# Hair Gel



## bklynlatina (Nov 16, 2005)

anyone prefer one over the other???


----------



## Sylie (Apr 4, 2011)

I use Schwarzkopf got 2b ultra glued for my hair and got2b spiking putty on MiMi's top knot to hold the fly aways in place. Both work very well. I also use either on either of us.


----------



## Deborah (Jan 8, 2006)

I have just started using got2b spiking gel on Rylee. Now she doesn't have any hair in her eyes. Usually a few hairs would would fall down and it looked like little bangs. I do not know what took me so long to use this product.


----------



## Bonnie's Mommie (Mar 2, 2006)

No, but I like seeing you post!!!:wub:


----------



## CrystalAndZoe (Jul 11, 2006)

I use PurePaws Volumizing Foam on Callie's Top Knot to keep it looking neat and tidy, providing she doesn't put her face into a pillow and then smash her face and head in it. Why she likes to do this I'll never know. The Volumizing Foam doesn't leave a build up or residue which I like since I do her top knot every day. We do weekly baths at my house so I don't know if I would notice a build up if we went longer then a week. Other ones I've tried left a build up right away.


----------



## BellaEnzo (Nov 1, 2011)

I'm so glad you posted this! I always thought I was silly for wanting to put product in Bella's hair! I tried spraying her little brush and running it thru her hair before pulling it back, but it didn't seem to hold. I was afraid of using too much and it dripping into her eyes. I'm going to try the got2b spiking gel, I think my bf has some at home! Any pointers?


----------



## Lacie's Mom (Oct 11, 2006)

I use #1 All Systems Gel for the girls or sometimes I use Cindra - but I like #1 All Systems best.
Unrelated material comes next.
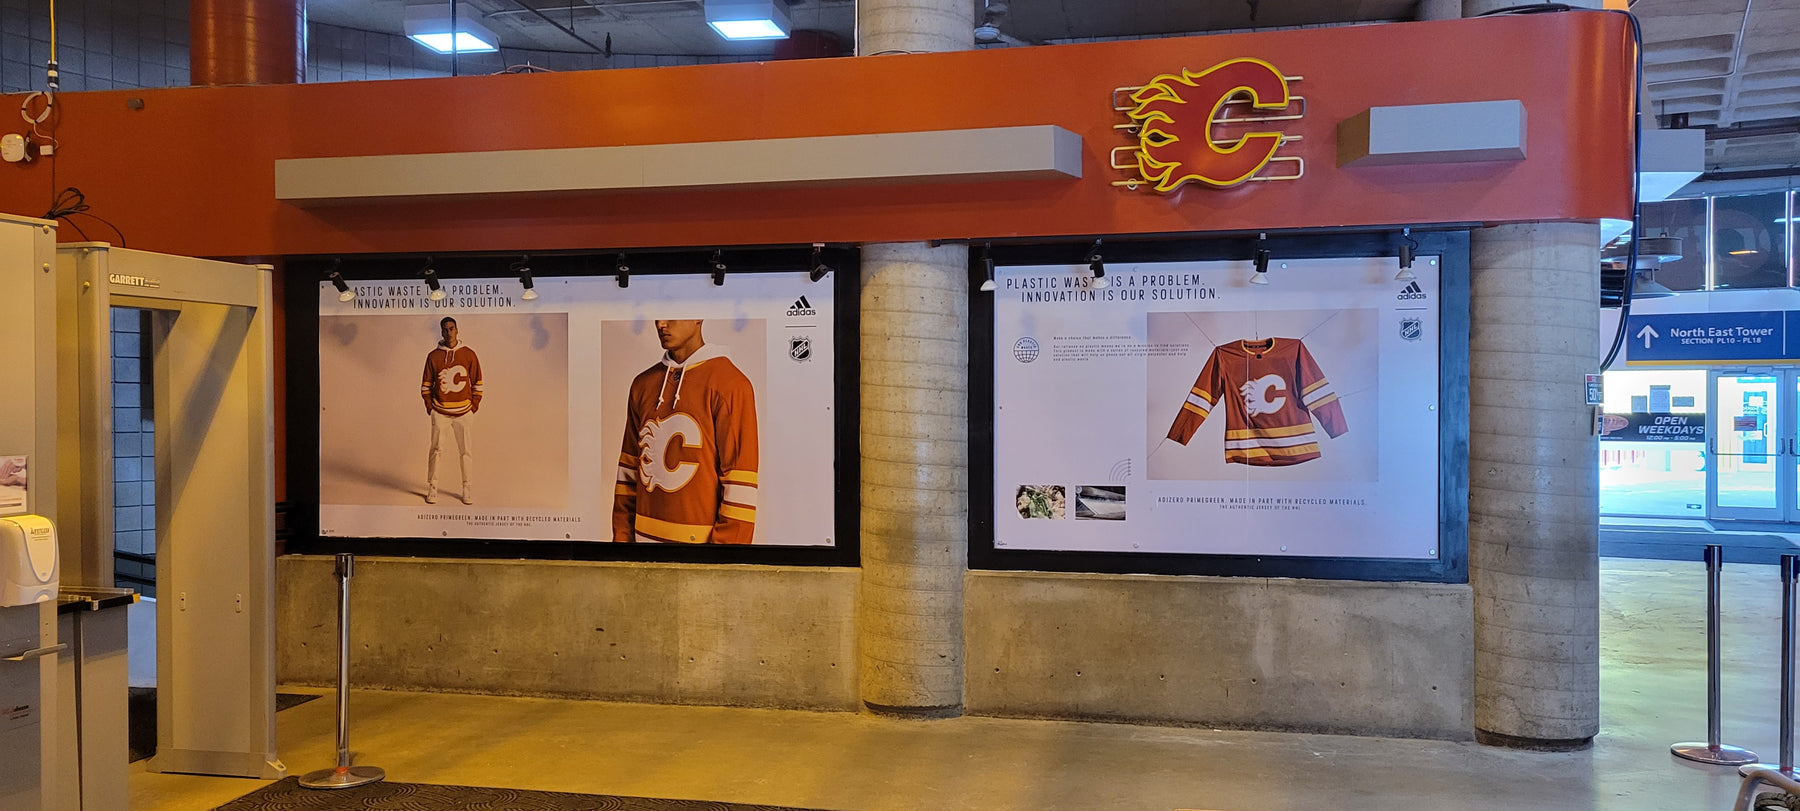 Adidas X Calgary Flames print at the Scotiabank Saddledome.

Used to use a lot of Dippy Do (I think I'm dating myself) but can't find it in the stores anymore. LOL


----------



## vjw (Dec 20, 2006)

When Karli had a topknot, I used #1 All Systems also.


----------



## bellaratamaltese (May 24, 2006)

I use Cindra gel when doing show topknots. I don't use hairspray, just the gel and it seems to work ok. Lucy's eyes always start watering horrendously when hairspray is used so i got in the habit of not using it.


----------



## BellaEnzo (Nov 1, 2011)

Link to #1 All Systems gel?


----------



## edelweiss (Apr 23, 2010)

I have never used anything outside of a little "spit" on my finger! :HistericalSmiley:


----------



## vjw (Dec 20, 2006)

BellaEnzo said:


> Link to #1 All Systems gel?


A tiny, tiny bit on the finger works wonders on stray topknot hairs.



Link:

Amazon.com: #1 All Systems Invisible Hold Setting and Styling Gel (8 Oz): Pet Supplies


----------



## BellaEnzo (Nov 1, 2011)

Thank you for the link! It's crazy that shiping is as much as the product! Now that I know what to look for I'm going to search around. Has anyone tried the Pet Silk Top Knot Gel?


----------